Pax pushed the hair out of his face and continued.
“It came in spurts. The way my shoulders dropped when I came home and hung up my jacket. How I have a certain spot on my couch where I like to have my tea in the morning. A section of my entry wall is bare because I’m waiting to find exactly the right picture to hang. ”
This should have felt uncomfortable, the intensity with which they gazed at each other, the way he spoke, as if securing a promise between the two of them. It wasn’t, though. It was like he was answering a question she’d forgotten she’d asked.

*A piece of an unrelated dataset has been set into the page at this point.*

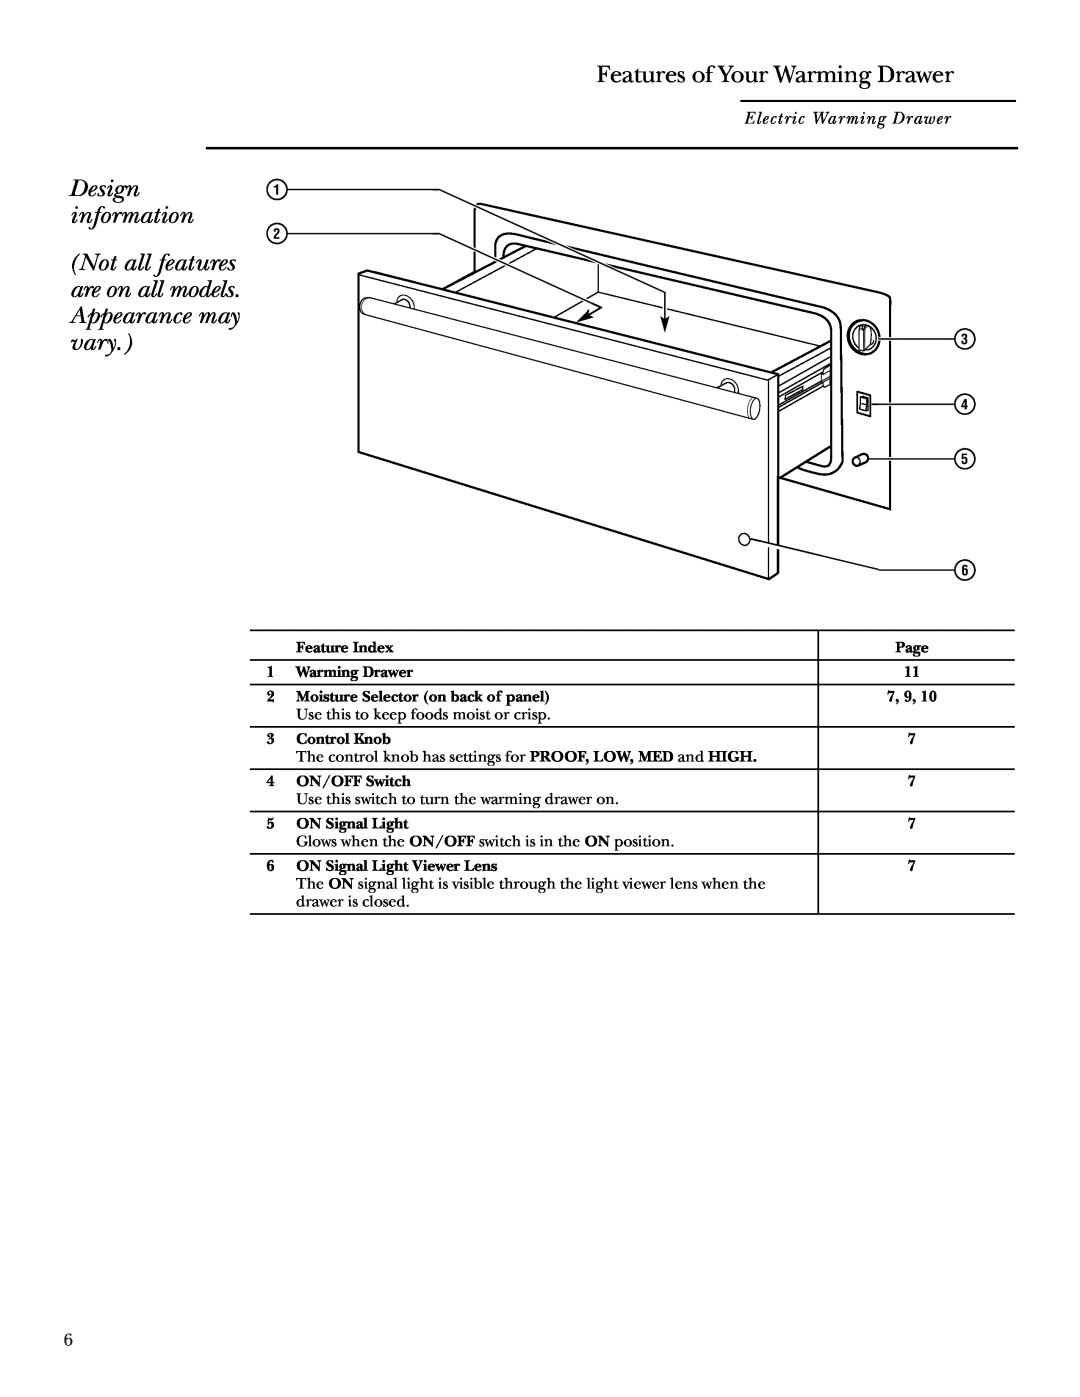 GE ZKD910 owner manual Features of Your Warming Drawer, Design information 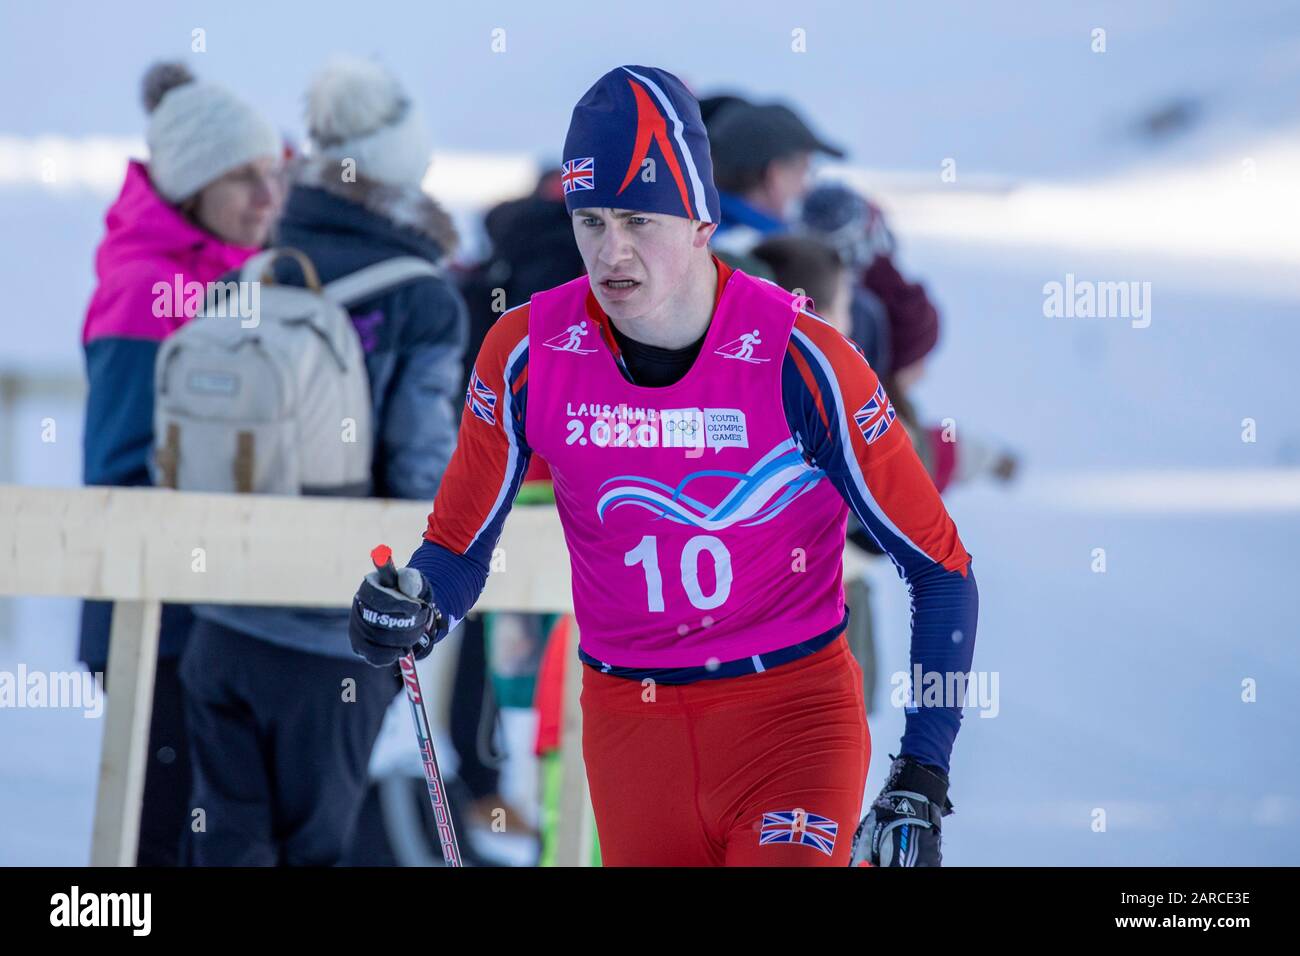 Team GB’s James Slimon (17) at the Cross-Country Skiing Men’s 10km Classic during the Lausanne 2020 Youth Olympic Games on the 21st January 2020. Stock Photo

“Of course, it took time. I changed what I didn’t like and brought in things—things like flowers and art—I would have dismissed as too nice for me before.
It took intent. I had to force myself not to expect a bunch of soldiers to come tromping through at any minute.
Mostly, I had to believe I deserved a safe, warm space to myself. ”
Josie had thought it impossible that Pax, or anyone, could understand the allure of what he offered. Feeling welcomed, able to place her worries aside and take her contentment for granted, but he’d somehow seen into her heart and voiced what she needed more than anything.
“Maybe you can begin with the courtyard. None of us know what we’re doing when it comes to creating a garden,” he said, gesturing with his chin at the knot of people milling around the dirt like colorful ants.
“You can make the outside a safe place for you and Amos, and I’ll wager the rest of the tenants will benefit, too. ”
A lock of her hair twisted in the wind like a tentacle, and Josie held her breath when Pax reached over and gently pushed it back over her ear.
He stood so close the lapels of his coat brushed against her.
“If there is something missing in your apartment I can get for you, please ask me.” His gaze locked on hers and the noise of the crowd around them lowered to a gentle murmur.
What was the apartment missing that would make Josie trust she and Amos were safe?
Something suggesting permanence and normality.
“If Mr. Amos enjoys music, you might consider a piano,” he said softly.
A piano.
Talk about permanence and normality.
Unnerving, this man’s ability to see her thoughts.
Too easy to get her hopes up. Too easy to watch them fall again.
“Thanks for the offer, Mr. Pax,” Josie said, using the title deliberately. Distance. She needed distance from this man, any man who might tempt her to lower her guard. Josie’s life wasn’t the only one that could go off the tracks in a fiery wreck.
She stepped away from his warmth, and the wind took the opportunity to rake its talons down the front of her body.
“I don’t need to change a thing, so don’t give us a second thought. Amos and I are fine,” she told him. Josie shivered when Pax mirrored her actions and took a step back as well, but she forced a smile anyway. “Everything is fine,” she said, “just the way it is.”